Java heap and big database queries
 
I'm using Java to query a MySQL database through com.mysql.jdbc.Driver.

My Java program calculates a relatively small summary of the query
result, and I'm sure my Java structure would fit in the default heap memory.

However, I run out of heap memory while running with -Xmx700m.
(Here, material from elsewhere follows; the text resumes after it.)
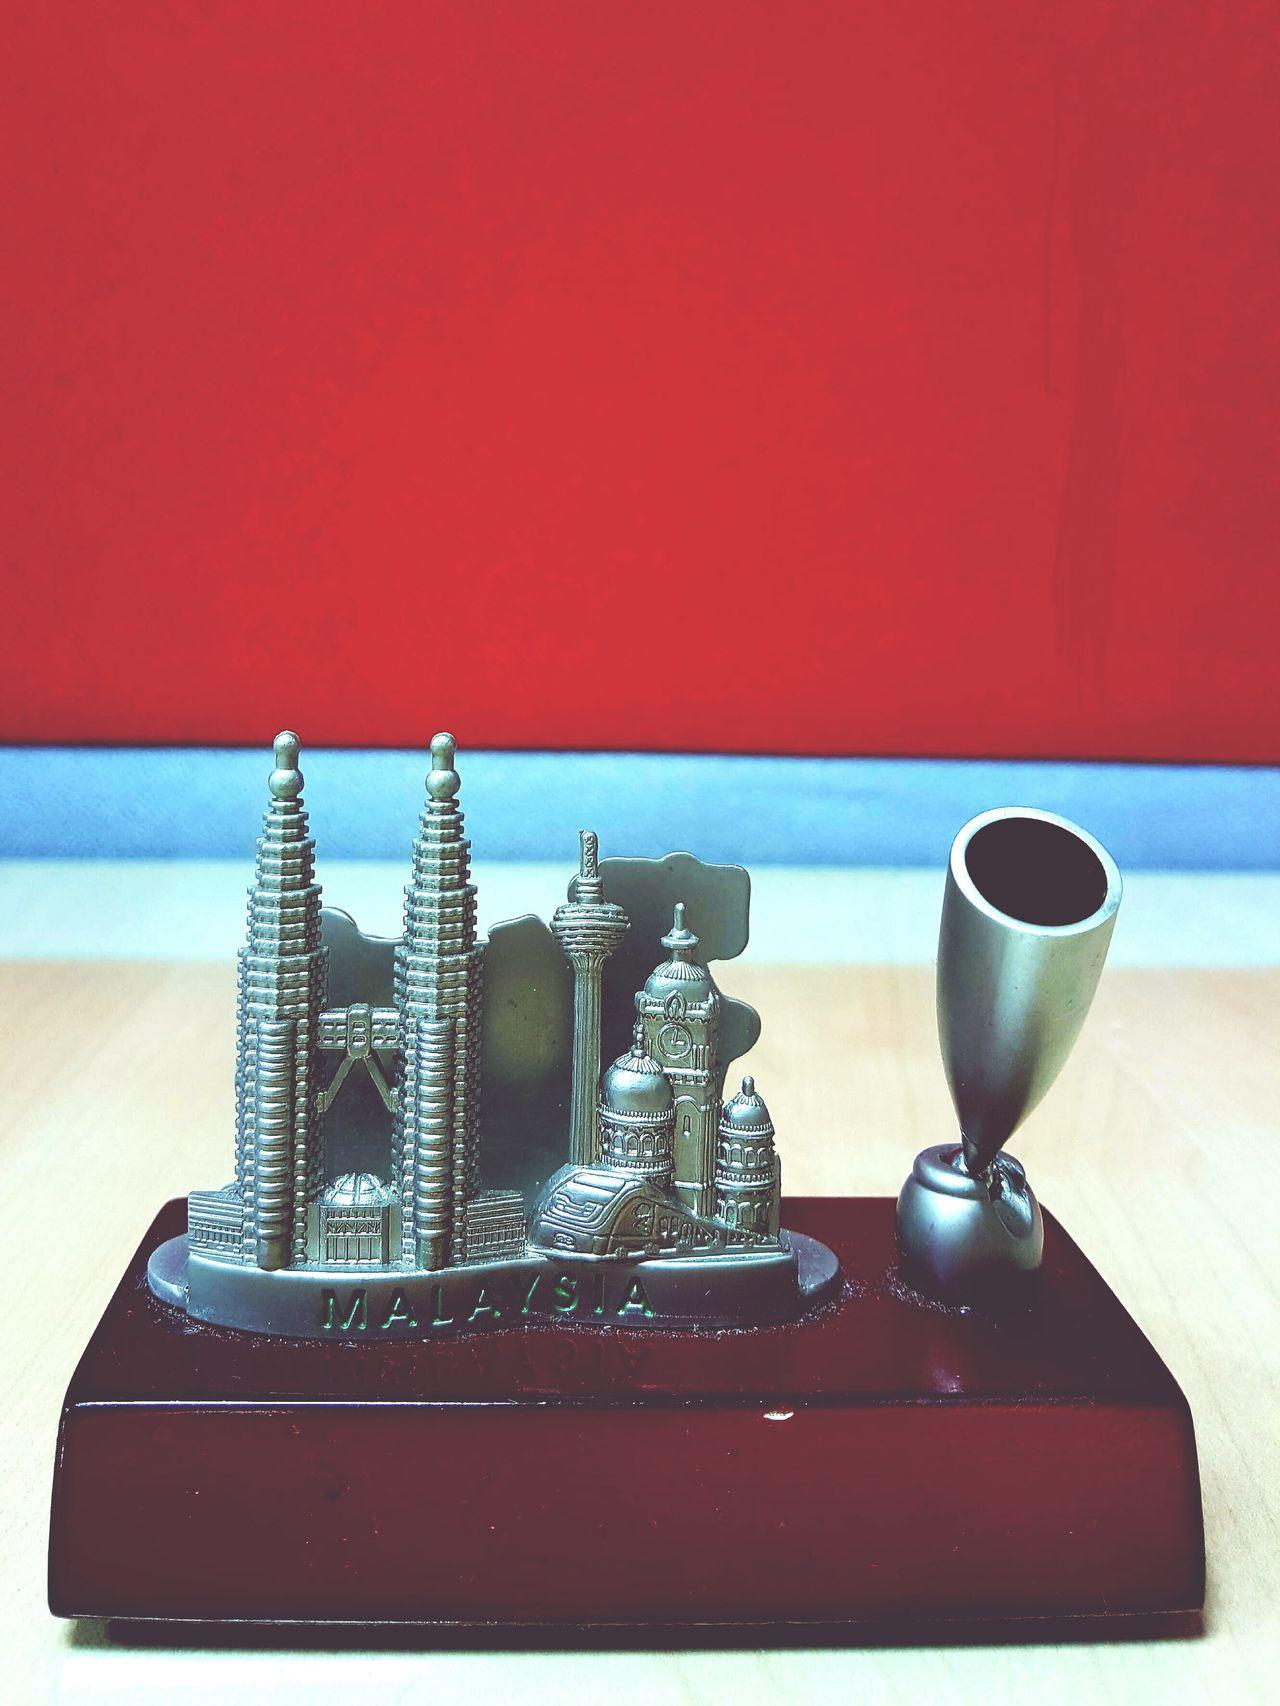 Pen Holder Desktop Card Holder KLCC Tower Menara Kuala Lumpur Indoor No People Lieblingsteil

The program runs perfectly on a million line subset of the database, but
fails on the full database, over 88 million lines.

My query is:

String getData = "select count(*), "
+ "sum(net_amt), "
+ "exists(select * from stores where stores.store_id =
transactions.store_id) "
+ "from transactions group by txn_id;";

....

Statement st = con.createStatement();
ResultSet result = st.executeQuery(getData);

There are about 10,160,053 distinct values of txn_id.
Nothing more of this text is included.